3. The method of claim 2, wherein determining the robust diagnostic result for the target model from the robust detection data comprises:

calculating a robustness index of the target model according to the first detection data corresponding to at least one attack behavior; the robustness index includes: identifying accuracy, attack success rate and/or attack success time information;

calculating a difficulty of attack coefficient of the target model according to the robustness index;

and carrying out data processing and visual display on a plurality of items in the first detection data, the second detection data, the robustness index and the attack difficulty coefficient to obtain a robustness diagnosis result.

4. The method of claim 1, further comprising:

acquiring first historical diagnosis data, wherein the first historical diagnosis data comprises robustness diagnosis data of a plurality of reference models, and the robustness diagnosis data of each reference model is obtained by adopting a robustness detection method of the model or diagnosis of a plurality of model robustness diagnosis tools; wherein the multiple reference models are models of the same type and different sources as the target model;

5. The method of claim 1, further comprising:

obtaining second historical diagnostic data, wherein the second historical diagnostic data comprises robustness diagnostic data of a plurality of model robustness diagnostic tools for diagnosing the target model;

6. The method of claim 1, further comprising:

and in a preset target range environment, performing simulation diagnosis on the target model based on the robustness detection method of the model to obtain a robustness diagnosis simulation result of the target model.
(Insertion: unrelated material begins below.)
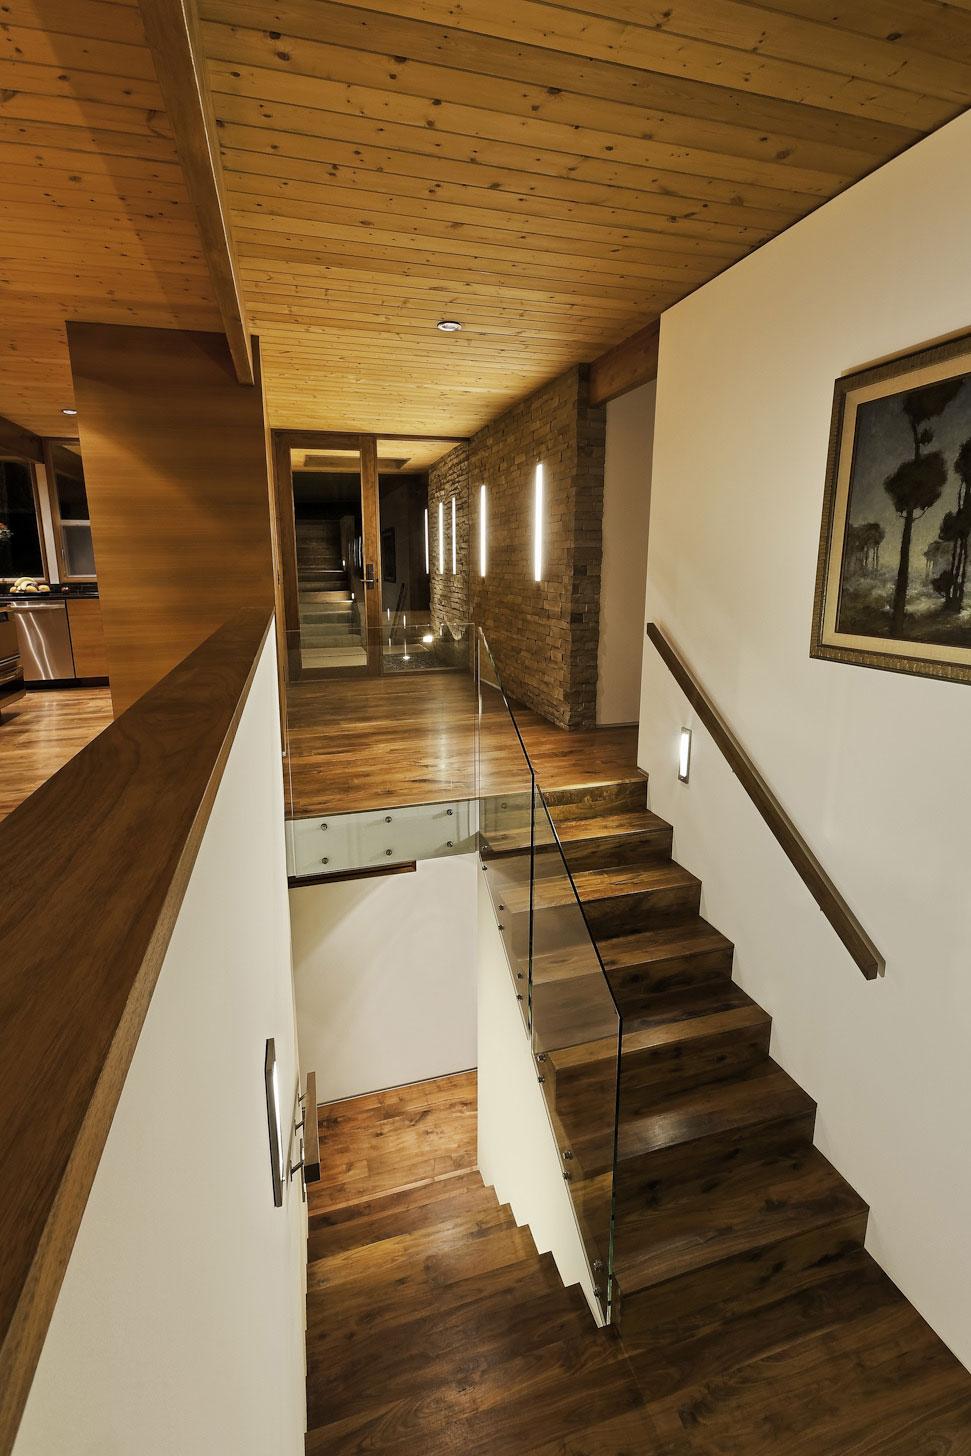 Wooden & Glass Stairs, Mid-Century Modern Home in Santa Barbara, California

7. The method of claim 1, wherein obtaining the output of the target model comprises:

acquiring the computational logic of a target model;

searching a historical model matched with the computational logic of the target model from a preset historical diagnosis library;

and determining the output result of the target model according to the historical output result of the historical model.

8. The method of claim 1, further comprising:

responding to uploading operation of a user for custom diagnosis, acquiring a target model to be attacked and a target image set uploaded by the user, and acquiring an original sample image serving as an attack object and a countermeasure sample image attacking the original sample image from the target image set.

9. An apparatus for detecting robustness of a model, comprising:

10. An electronic device, characterized in that the electronic device comprises:

a processor;

a memory for storing the processor-executable instructions;

the processor is used for reading the executable instructions from the memory and executing the instructions to realize the robustness detection method of the model of any one of the claims 1-8.

11. A computer-readable storage medium, characterized in that the storage medium stores a computer program for performing the method for robustness detection of a model according to any of the preceding claims 1-8.